M[match(V$V1, M$M2),]
To benchmark performance, we can use the R package rbenchmark.
library(rbenchmark)
f_ramnath = function() M[match(V$V1, M$M2),]
f_aix = function() merge(V, M, by.x='V1', by.y='M2', sort=F)
f_chase = function() M[M$M2 %in% V$V1,] # modified to return full data frame
benchmark(f_ramnath(), f_aix(), f_chase(), replications = 10000)

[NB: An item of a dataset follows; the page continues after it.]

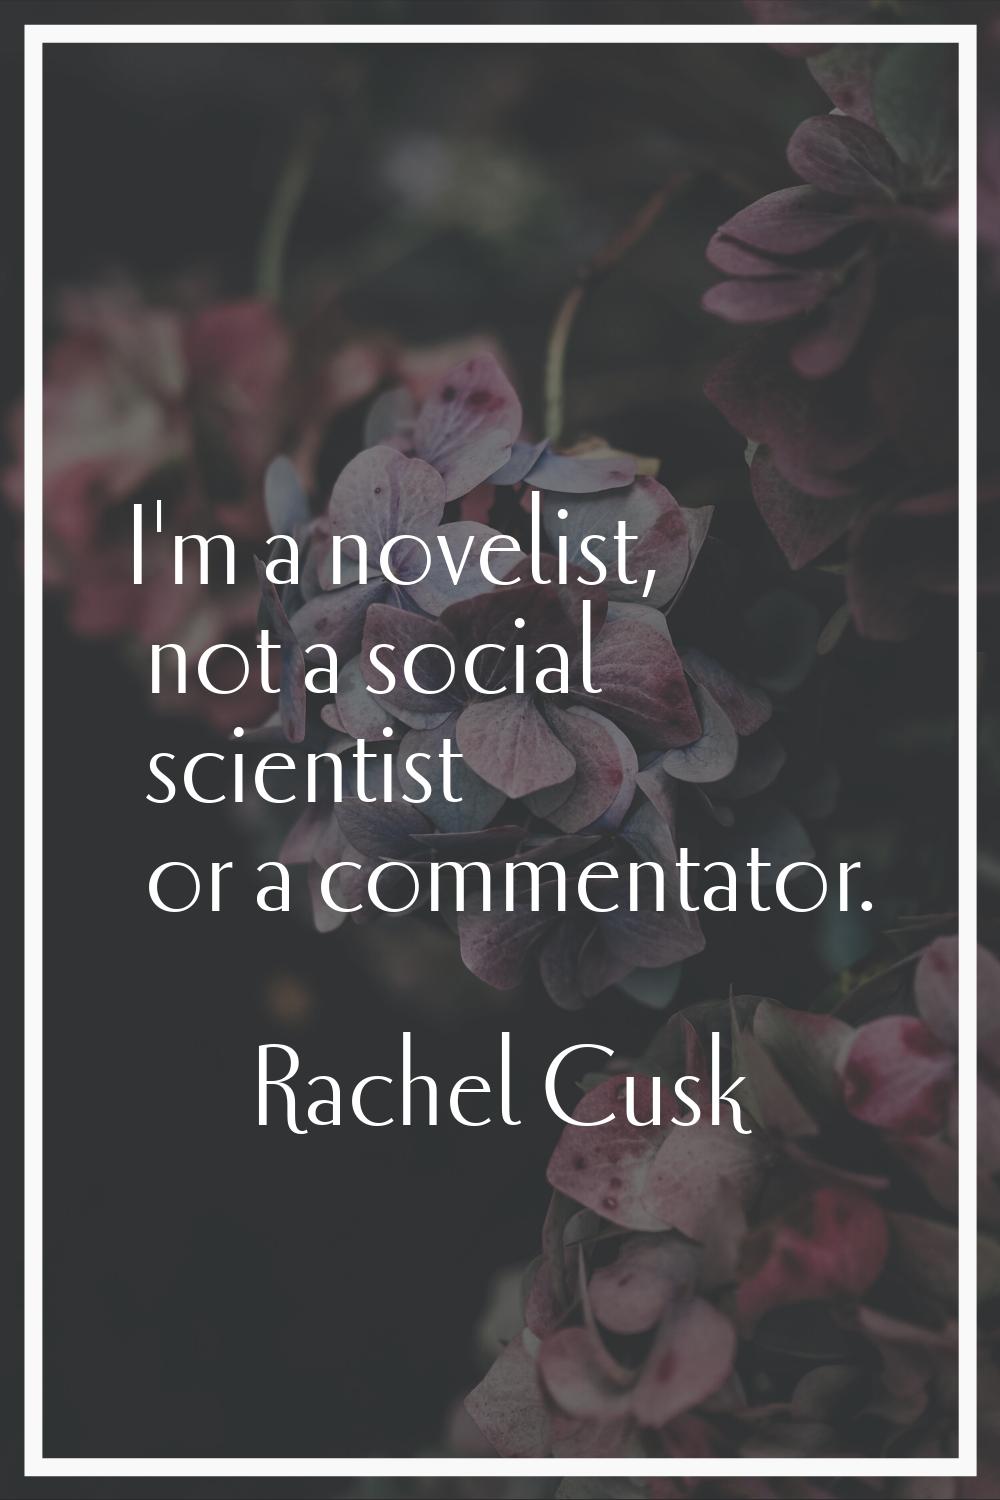 I'm a novelist, not a social scientist or a commentator.

test replications elapsed relative
2 f_aix() 10000 12.907 7.068456
3 f_chase() 10000 2.010 1.100767
1 f_ramnath() 10000 1.826 1.000000
Another option is to use the %in% operator:
> set.seed(1)
> M <- data.frame(M1 = sample(1:20, 15, FALSE), M2 = sample(1:20, 15, FALSE))
> V <- data.frame(V1 = sample(1:20, 10, FALSE))
> M$M1[M$M2 %in% V$V1]
[1] 6 8 11 9 19 1 3 5
Sounds like you're looking for merge:
> M <- data.frame(M1=c(1,2,3,4,10,3,15), M2=c(15,6,7,8,-1,12,5))
> V <- data.frame(V1=c(-1,12,5,7))
> merge(V, M, by.x='V1', by.y='M2', sort=F)
V1 M1
1 -1 10
2 12 3
3 5 15
4 7 3
If V$V1 might contain values not present in M$M2, you may want to specify all.x=T. This will fill in the missing values with NAs instead of omitting them from the result.